**Data extract:**
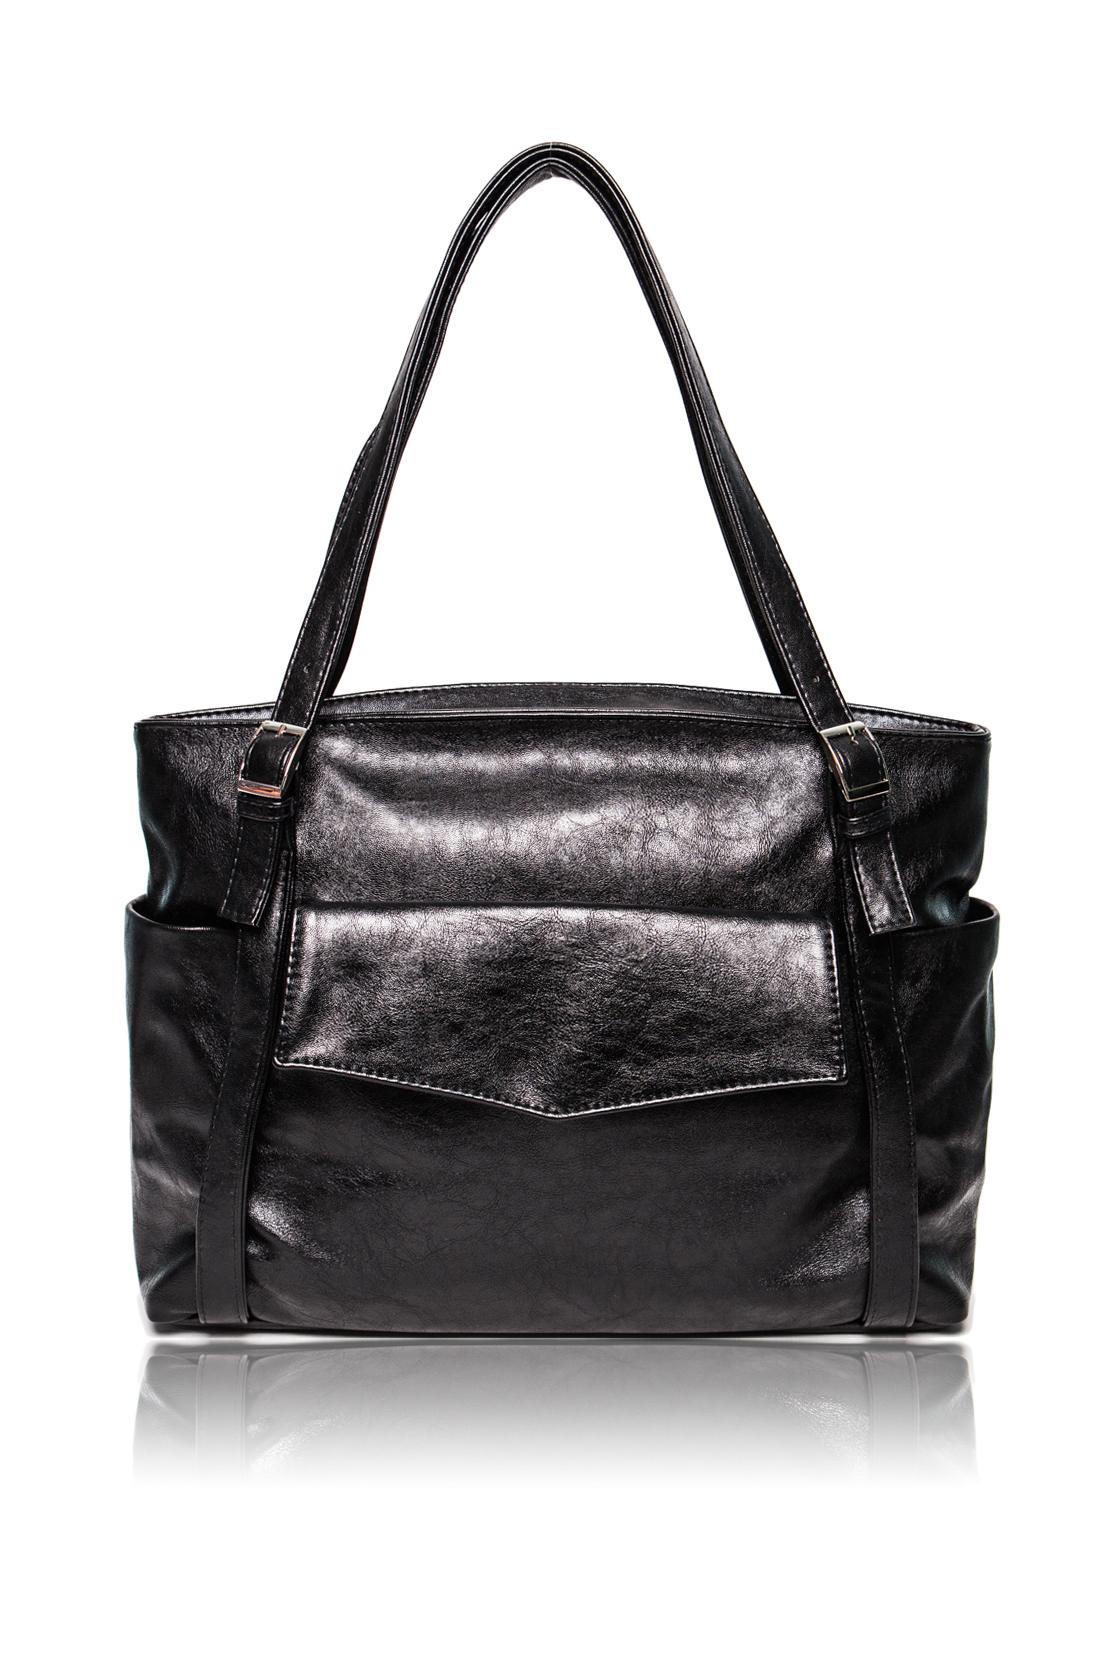 Сумка - шоппингСумки-шоппинг<br>Женские сумки бренда Lacy - это стильные аксессуары, которые по достоинству оценят представительницы прекрасного пола.  Сумка с застежкой на молнию. На передней части сумки накладной карман с клапаном и застежкой на магнит. Две лямки с регулировкой пряжками. Внутри два накладных кармана и карман на молнии.  Цвет: черный.  Длина - 42 ± 1 см Высота - 29 ± 1 см Глубина - 11,5 ± 1 см<br><br>По материалу: Искусственная кожа<br>По размеру: Средние<br>По рисунку: Однотонные<br>По элементам: Карман на молнии,Карман под телефон<br>По силуэту стенок: Прямоугольные<br>По способу ношения: В руках,На плечо<br>По степени жесткости: Мягкие<br>По типу застежки: На магните,С застежкой молнией<br>Ручки: Длинные<br>Размер: 1<br>Материал: Искусственная кожа<br>Количество в наличии: 1
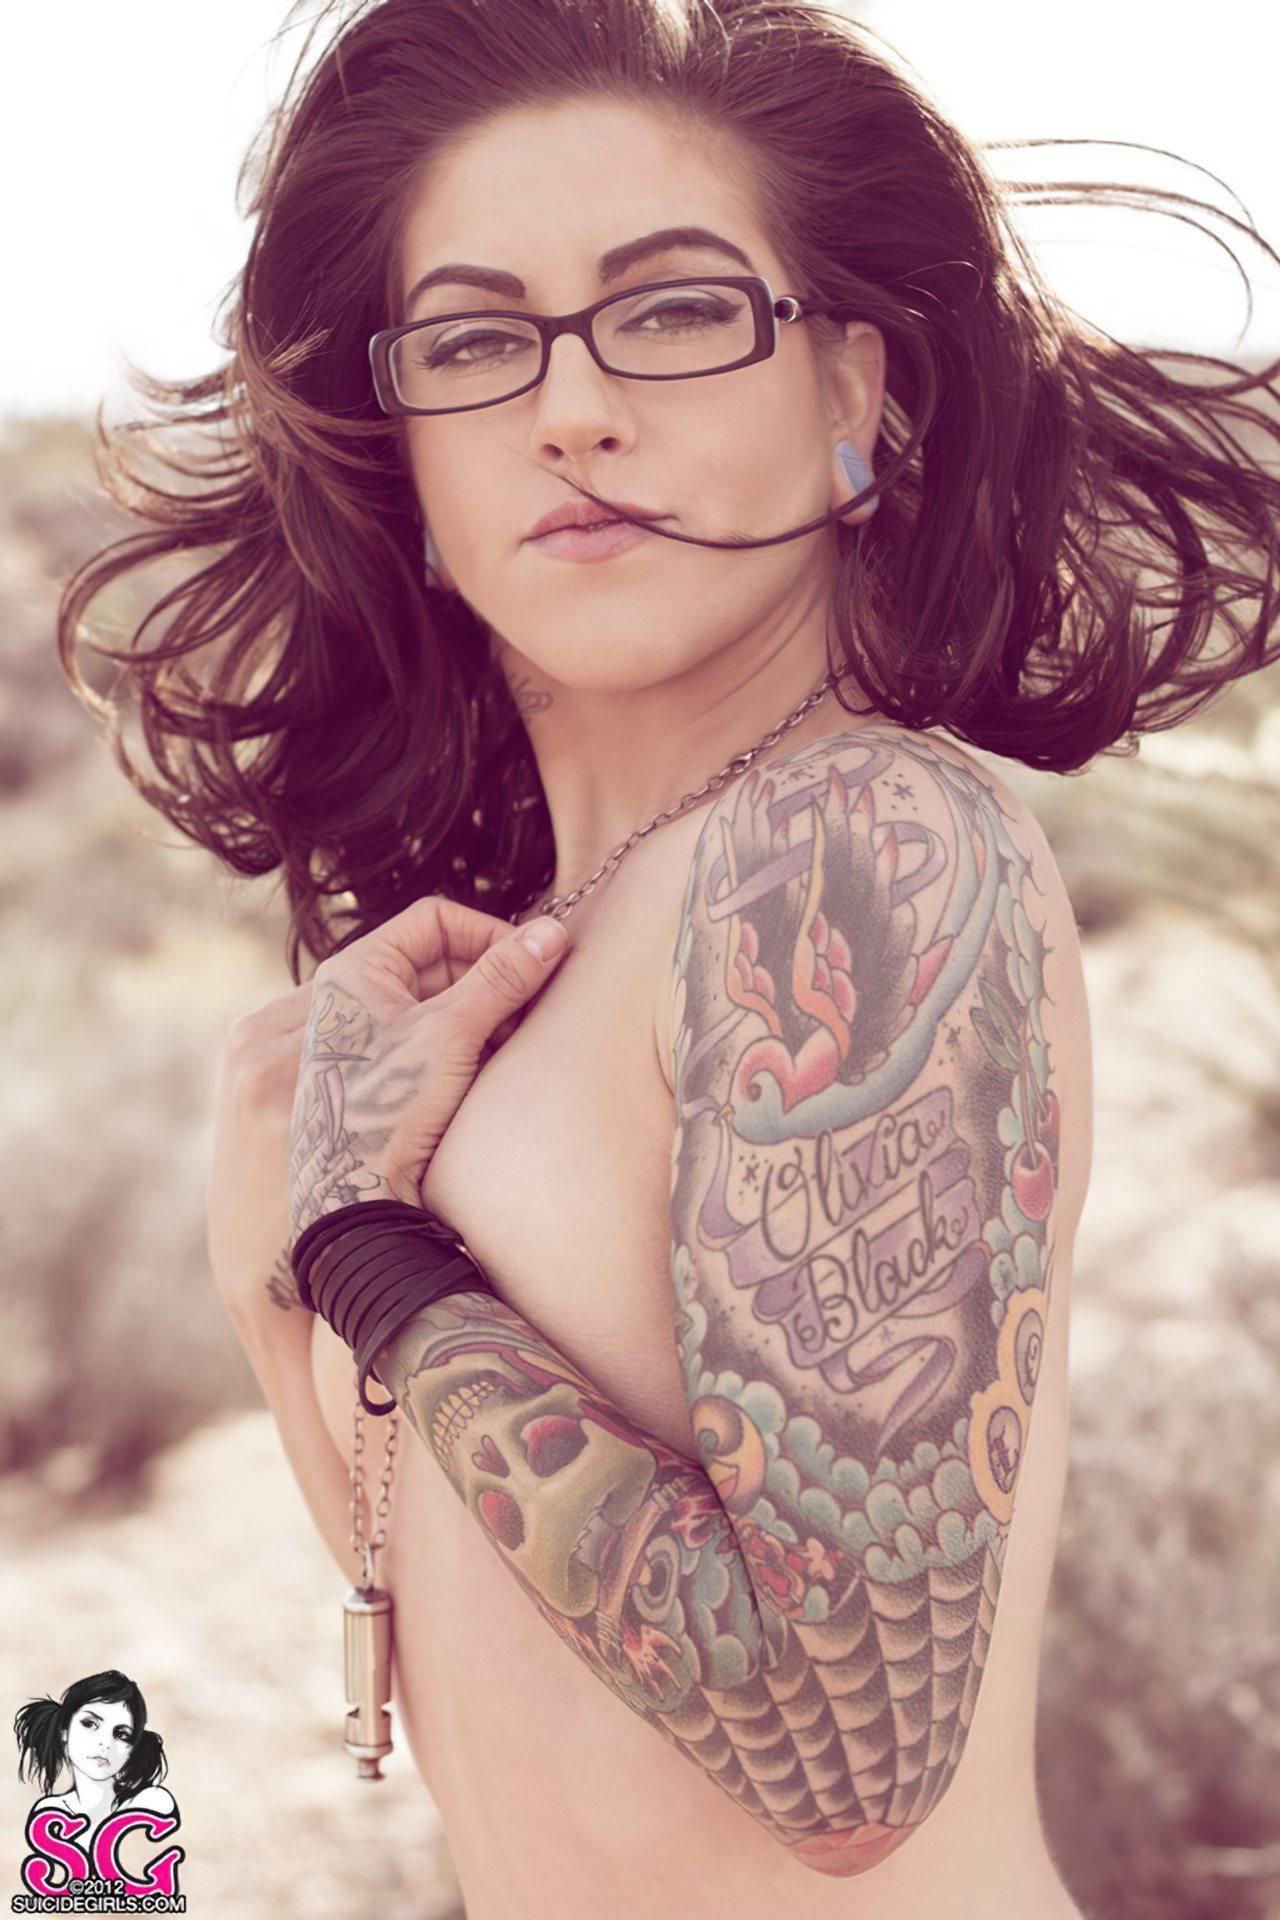 Olivia Black (27)
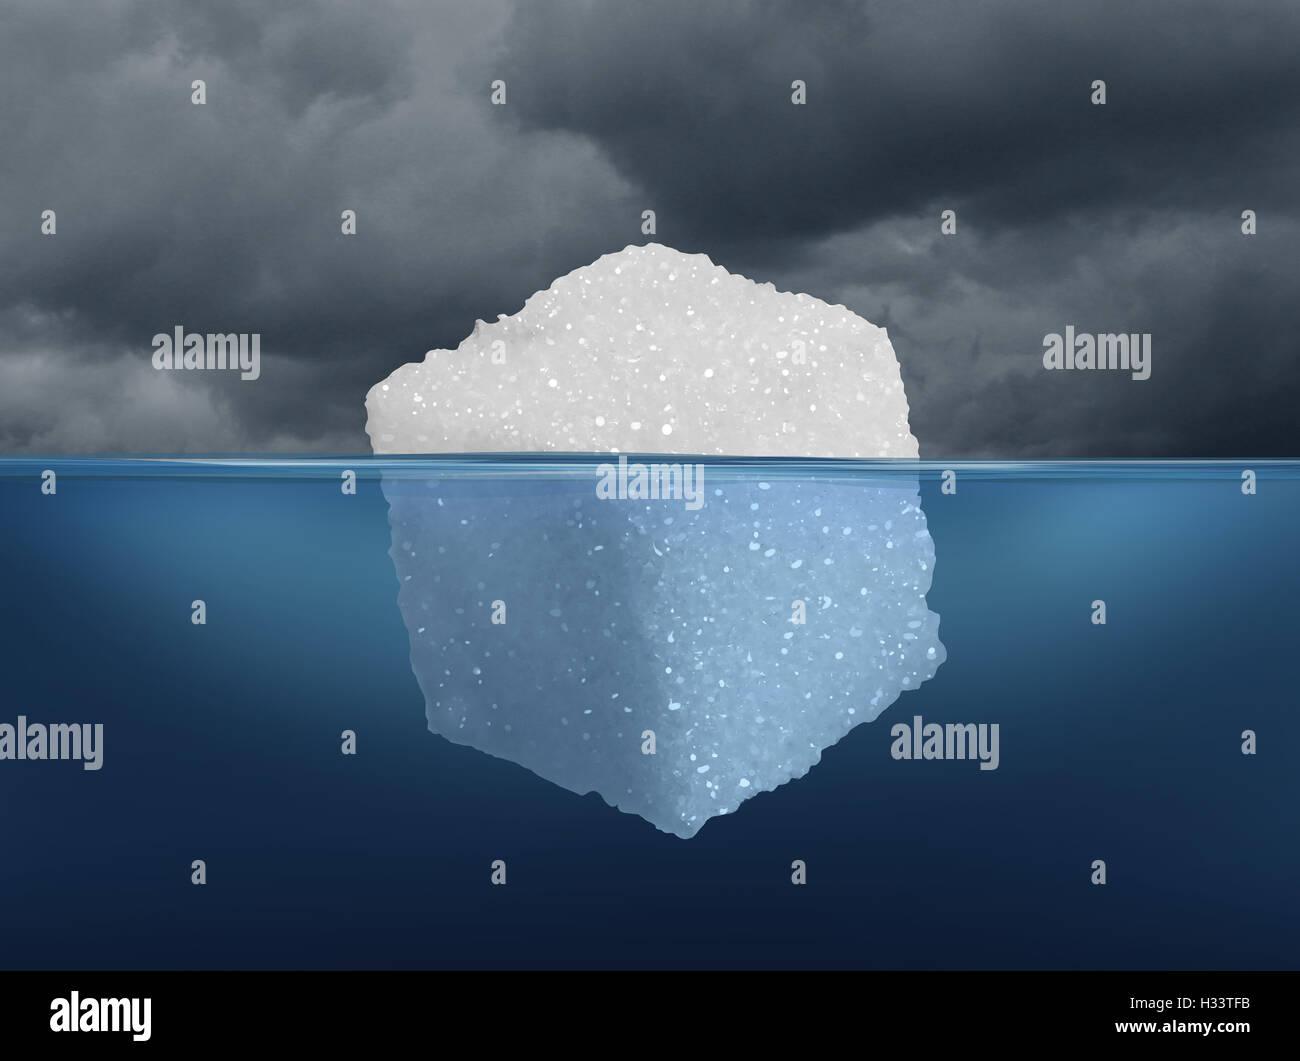 Azúcar y riesgos ocultos peligro médico dietético concepto como un iceberg hecho de un cubo de azúcar Imagen De Stock

**Problem description:** Take the lines from the one that contains "Olivia Black (27)" down to the last line of the listing above, both included, and set them down exactly, leaving out pictures.

**Written response:**
 Olivia Black (27)
 Azúcar y riesgos ocultos peligro médico dietético concepto como un iceberg hecho de un cubo de azúcar Imagen De Stock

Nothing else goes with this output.